**The data**
☆ ☆ ☆ ☆ ☆ ☆ ☆
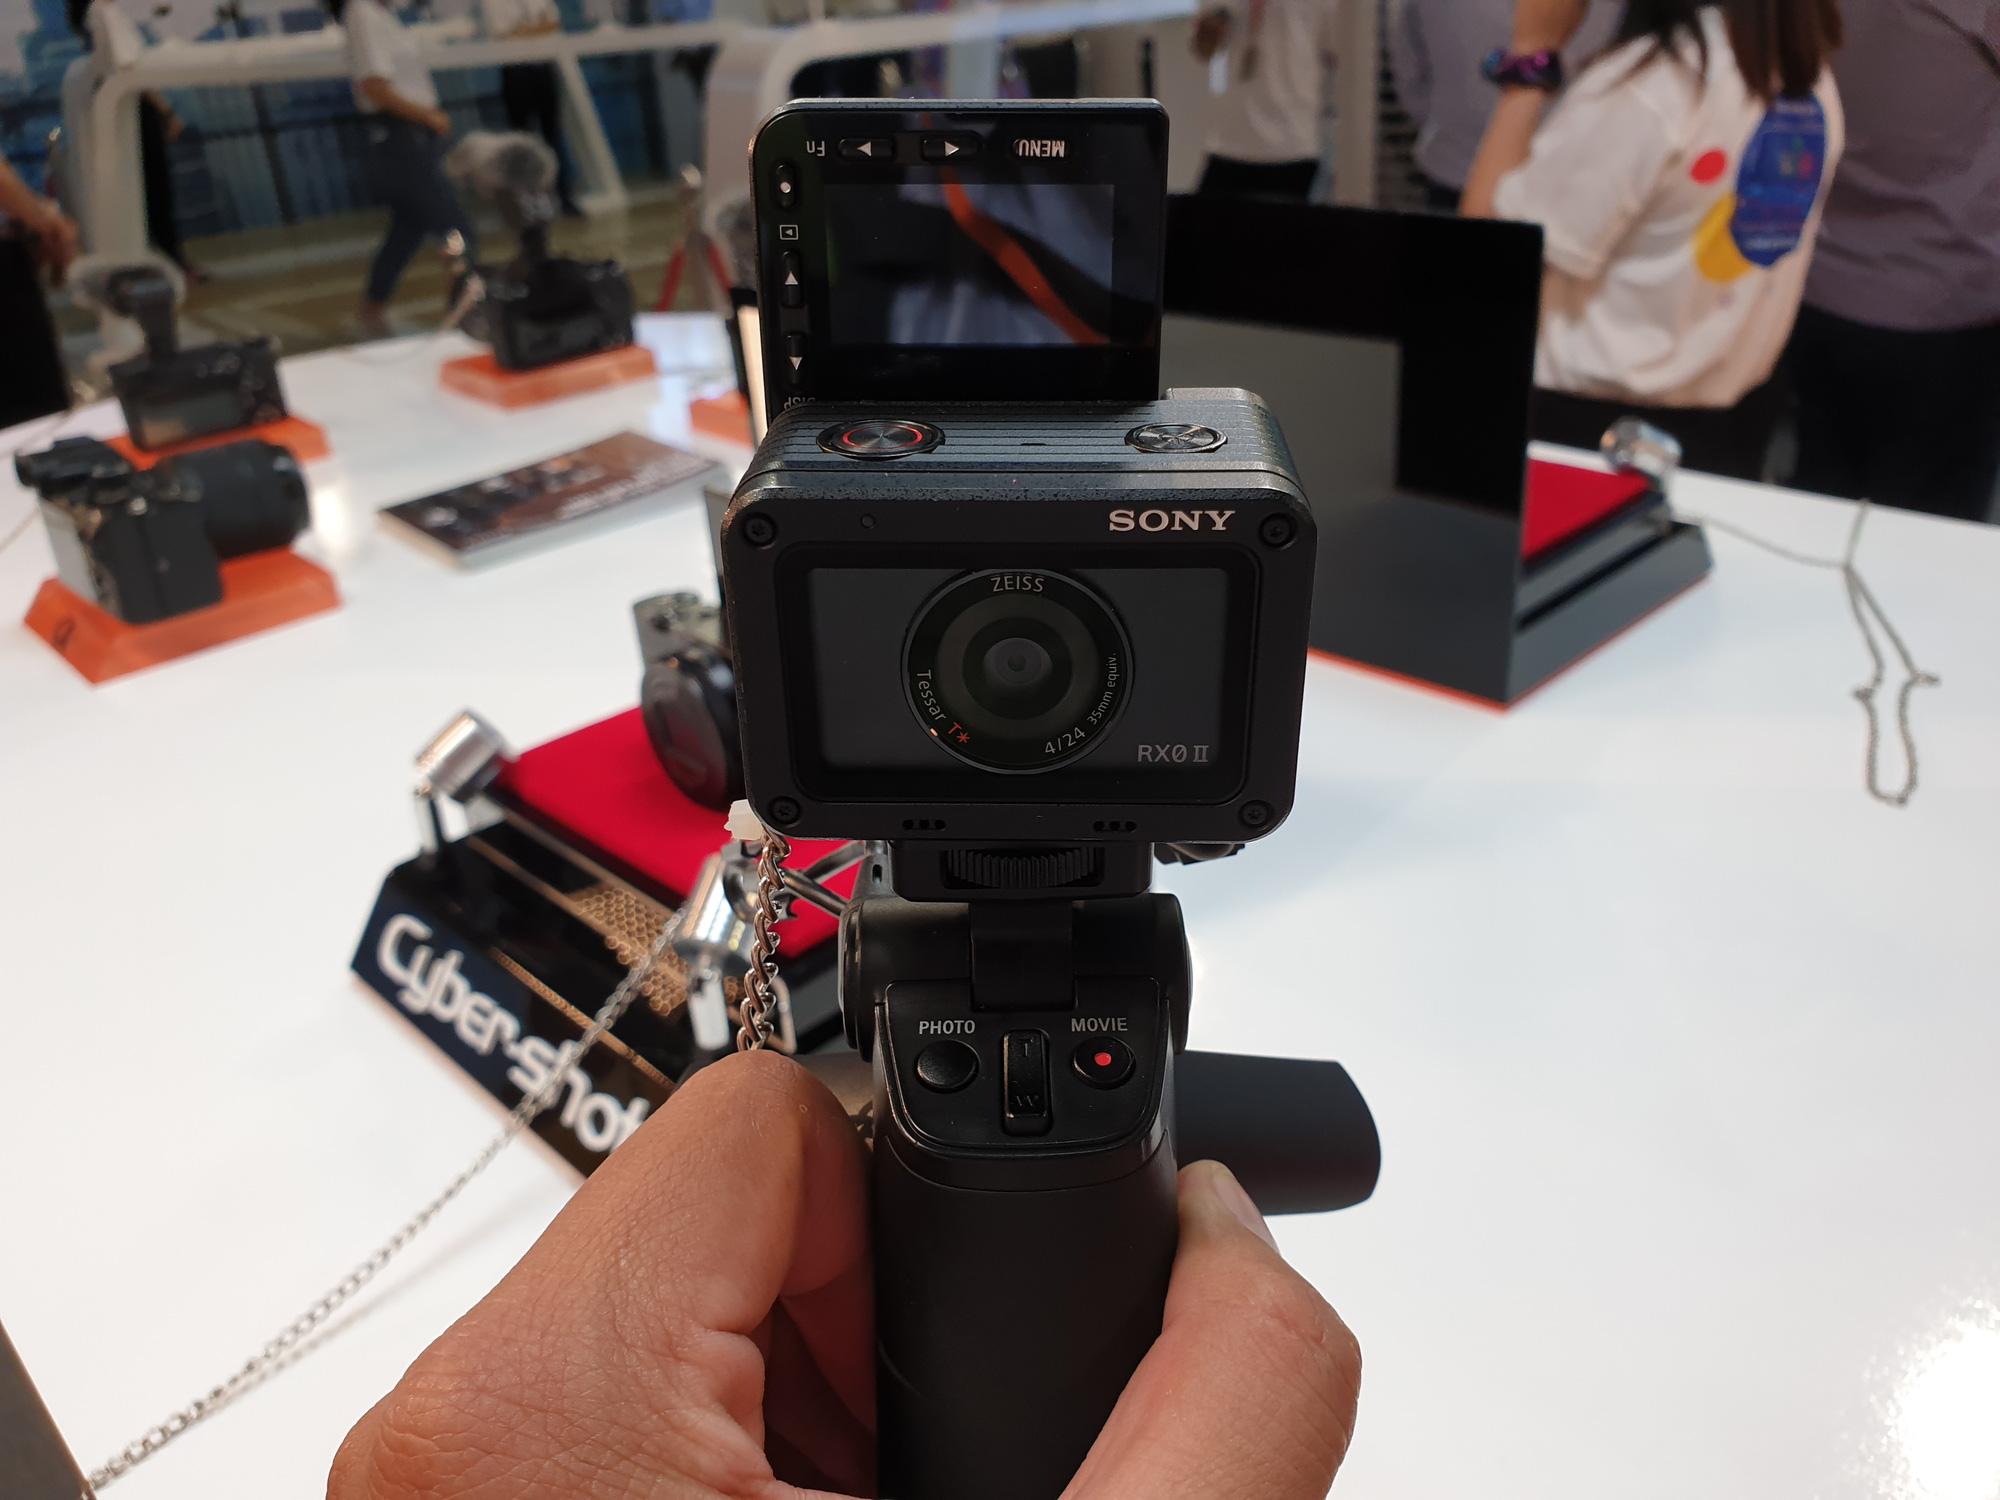 Máy ảnh gia đình chụp Tết nhiều mẫu giảm giá, dễ dàng chọn mua trong mức giá dưới 10 triệu đồng  - Ảnh 6.
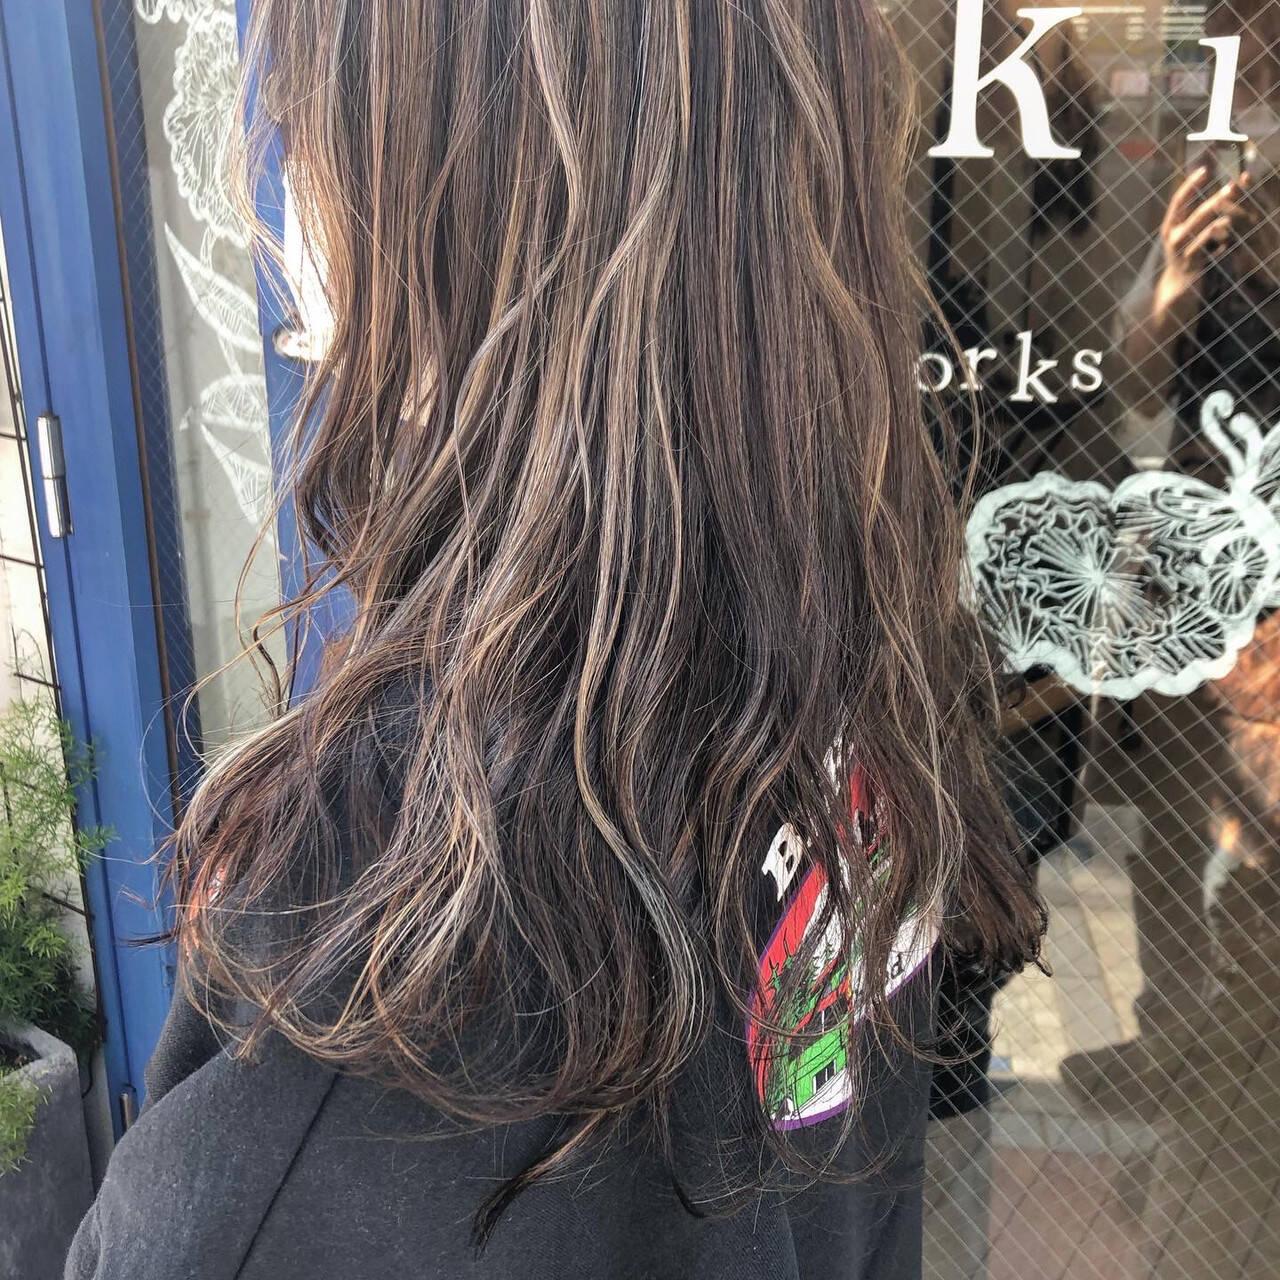 アッシュグレージュ デート ハイライト ロングヘアスタイルや髪型の写真・画像
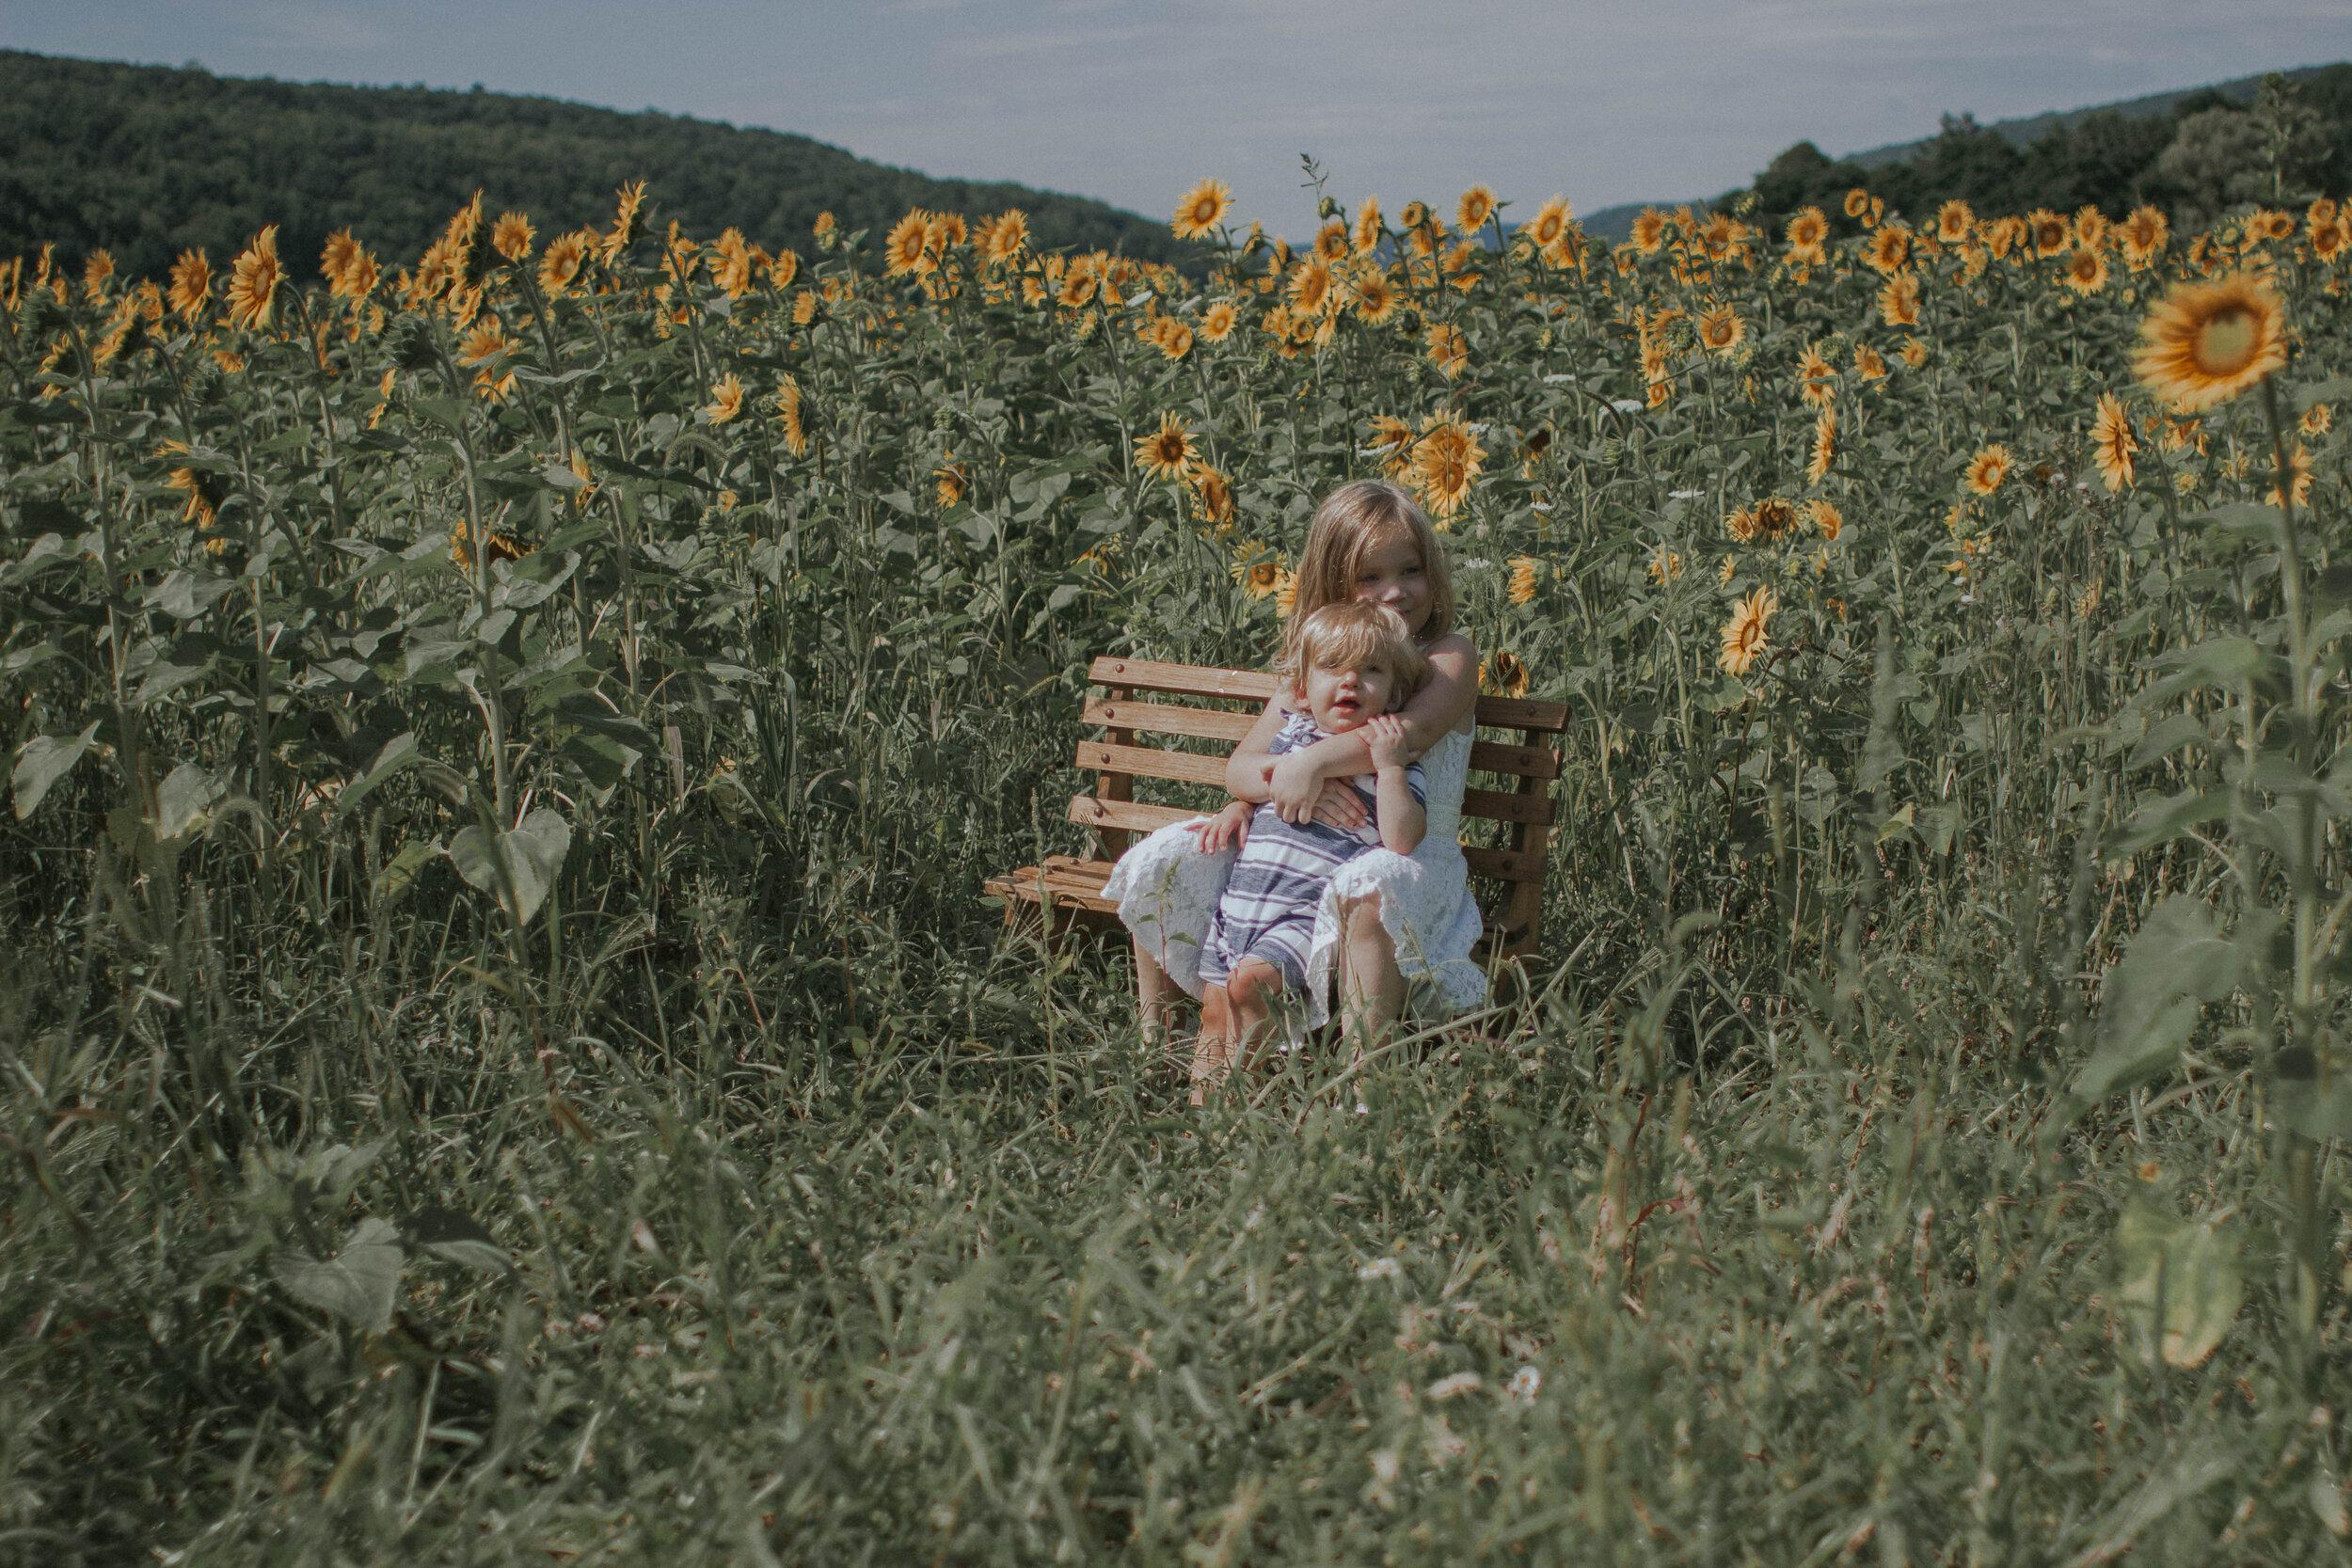 maggiemase_sunflowers_aug-15.jpg
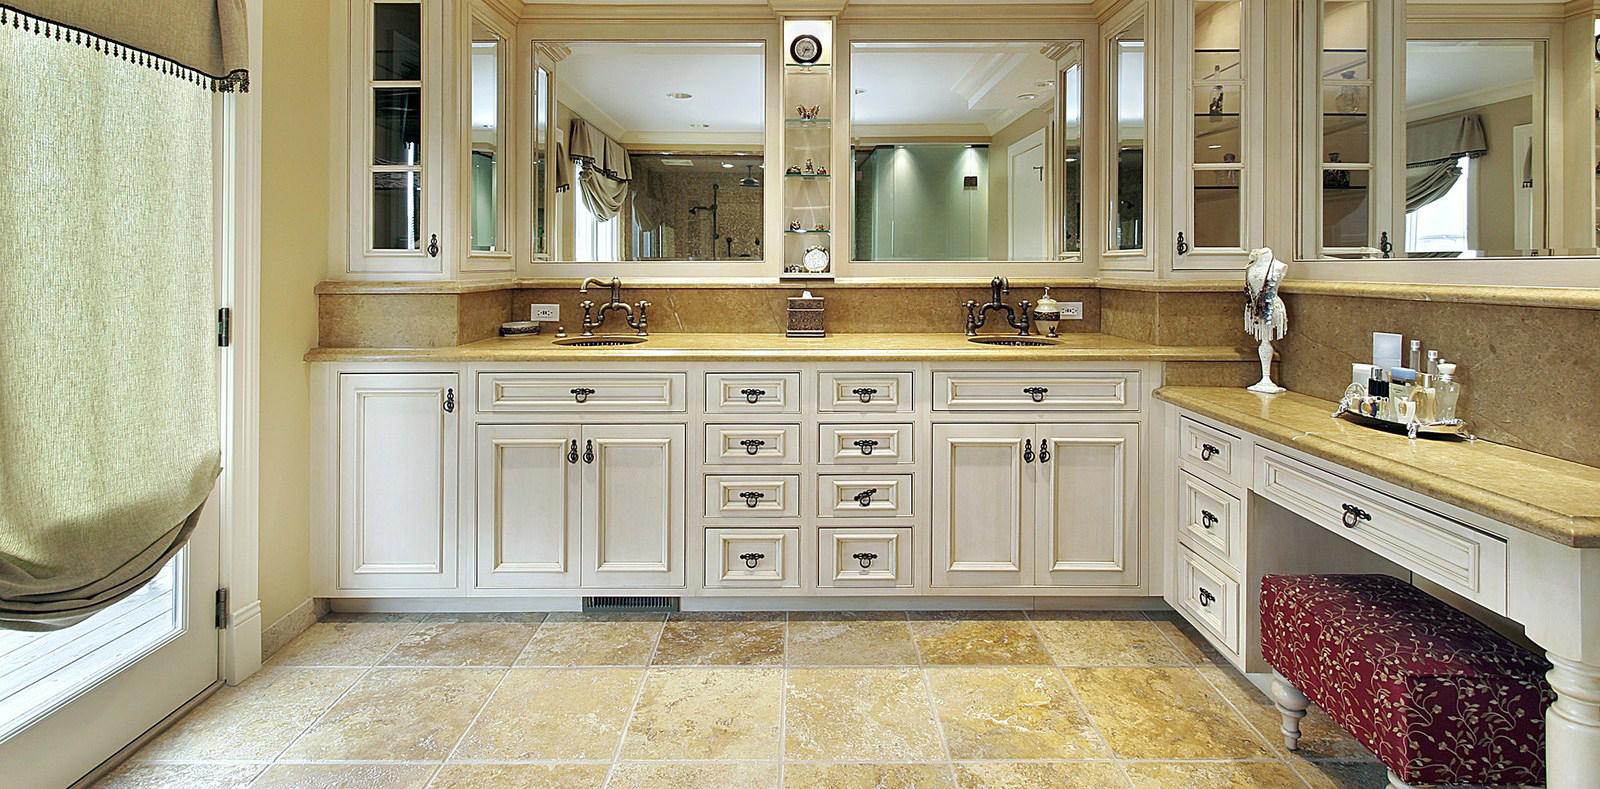 granite kitchen worktop kitchen granite countertops Kitchen Cleanliness Granite Worktops Makes Easy Cleaning My
☆ ☆ ☆ ☆ ☆ ☆ ☆
**What is expected**
Please transcribe the lines from the one containing "アッシュグレージュ デート ハイライト ロングヘアスタイルや髪型の写真・画像" to the last line of the listing, both included, exactly and with nothing added, leaving every picture out.

**Result below**
 アッシュグレージュ デート ハイライト ロングヘアスタイルや髪型の写真・画像
 maggiemase_sunflowers_aug-15.jpg
 granite kitchen worktop kitchen granite countertops Kitchen Cleanliness Granite Worktops Makes Easy Cleaning My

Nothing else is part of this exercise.